Approach	Number of Samples	Potential Relative Bias	Basis of Site Selection
Judgemental	Small	Very Large	Prior history, visual assessment, and/or technical judgement
Systematic	Large	Small	Consistent grid or pattern
Random	Very Large	Very Small	Simple random selection

Sample Preservation
Once samples are removed from their natural environment, chemical or biological reactions can occur to change the composition of the sample, so it is best to analyze the sample as quickly as possible. Preservation of the sample will keep the parameter of interest in the same form as it was prior to the removal from its surroundings. No single preservation technique will preserve all parameters, so each parameter of interest must be considered and preserved specifically. While most soil samples require exclusion of light, air and warmth to preserve the integrity of the sample, aqueous samples require a more concerted effort.
Samples of aqueous cyanide species are potentially very reactive and toxic, so safety precautions such as gloves and protective clothing must be rigorously observed. Due to their reactivity, sample solutions must be tested on site prior to cyanide analysis to preserve them against the main interfering substances, oxidizing matter and sulfides.
The presence of oxidizing matter is detected by potassium iodide/starch test papers. Place a drop of the sample on a moist test paper strip. A blue coloration of the test paper indicates the presence of sufficient oxidizing matter to potentially react with the cyanide present during transport. Oxidizing agents must be reduced prior to sending the sample to the laboratory.
Procedure for Removal of Oxidizing Matter
1.Remove and retain any solids by decantation or pressure filtration.
2.Add sodium arsenite and mix. About 0.1g/L is usually sufficient.

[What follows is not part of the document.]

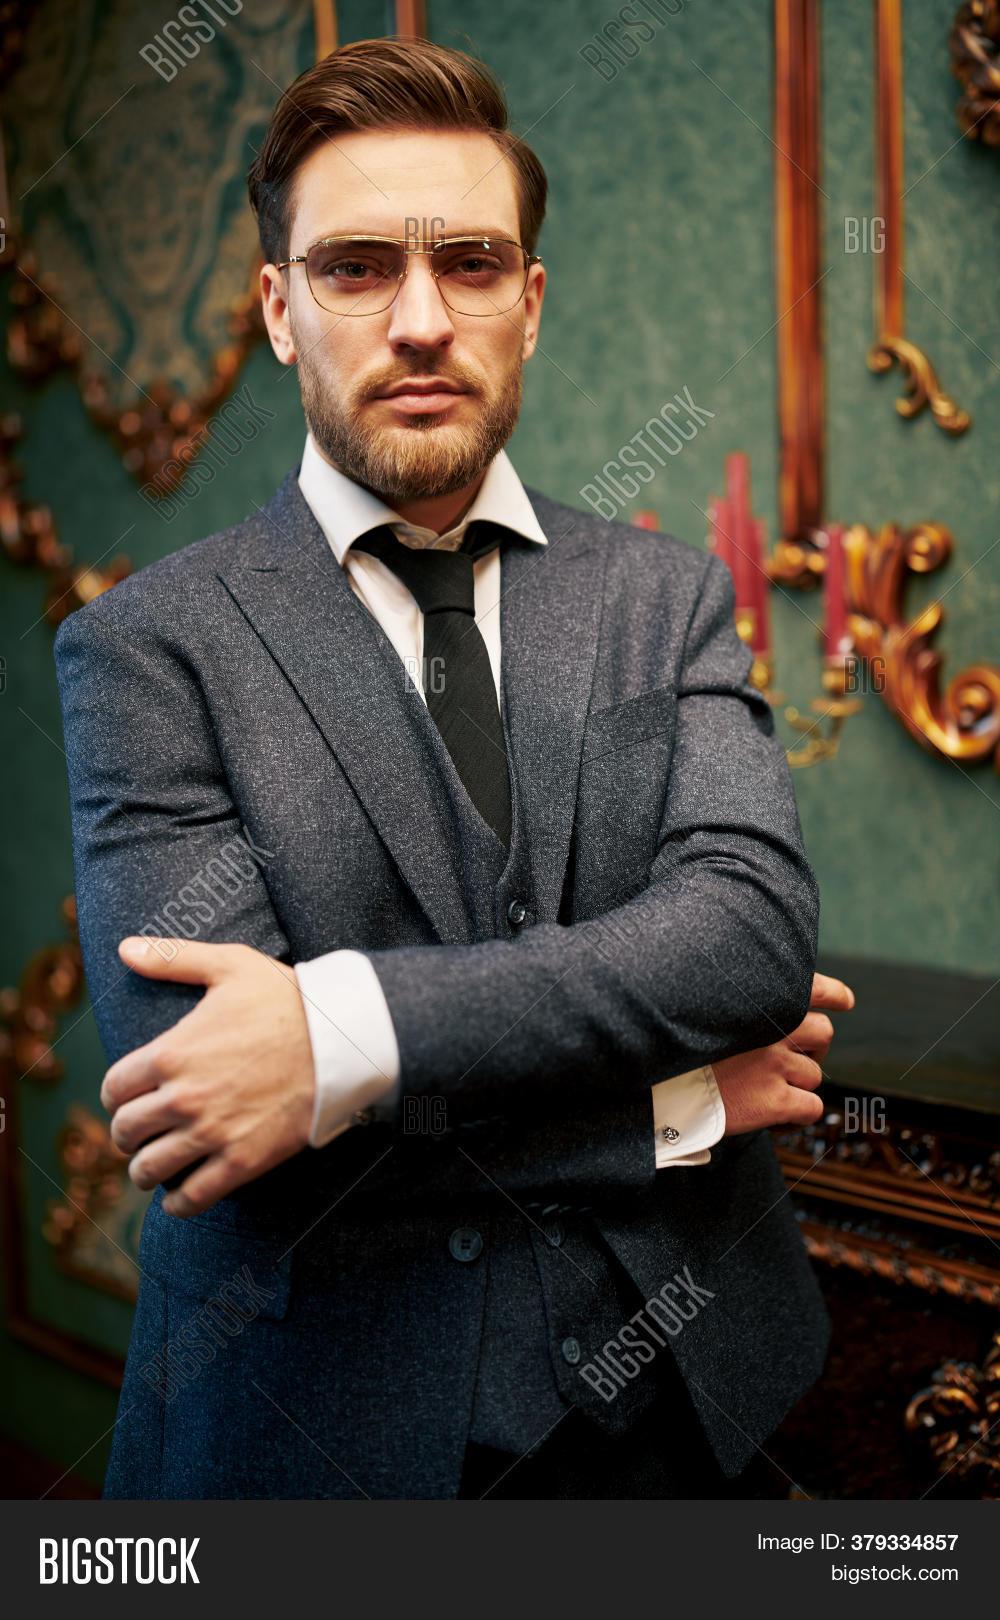 Handsome Rich Man Image & Photo (Free Trial) | Bigstock

3.Retest, and if test strip is discolored, retreat as per Step 2.
4.Return solids to sample solution and raise pH to 12 by adding 1-2 pellets of solid sodium hydroxide.
The presence of sulfides is indicated by lead acetate paper turning black. Place a drop of the sample on the test paper previously moistened with a drop of acetic acid and if the paper darkens, sulfides are indicated. Sulfides are removed by reaction with lead carbonate.
Procedure for Removal of Sulfides
1.Remove any solids by decantation or pressure filtration and hold.
2.Add lead carbonate (about 0.1 g/L) and mix.
3.Remove formed lead sulfide by pressure filtration and discard PbS precipitate.
4.Retest sample solution. If test strip is discolored, retreat as in Steps 2 and 3.
5.Return solids to sample and raise pH to 12 with solid sodium hydroxide.
Samples should be stored in a dark place at about 4 C, such as in an esky (cool box) during transport and then refrigerated at the laboratory. Soil samples for cyanide analysis (in cores or jars) must be wrapped in dark plastic and kept cool at 4 C without further treatment.
Transport and Storage
Once correctly preserved and packaged, samples should be sealed and each container (bottle or jar) individually placed in a sealed plastic bag. All samples should then be packed in an esky (cool box with some ice bricks) to keep them cool during transport. Shipment to the analytical laboratory should occur as soon as practical by overnight truck or airfreight courier. It is essential that the sampling protocol be recorded and a chain of custody included with the shipment to allow tracking prior to and during storage and analysis.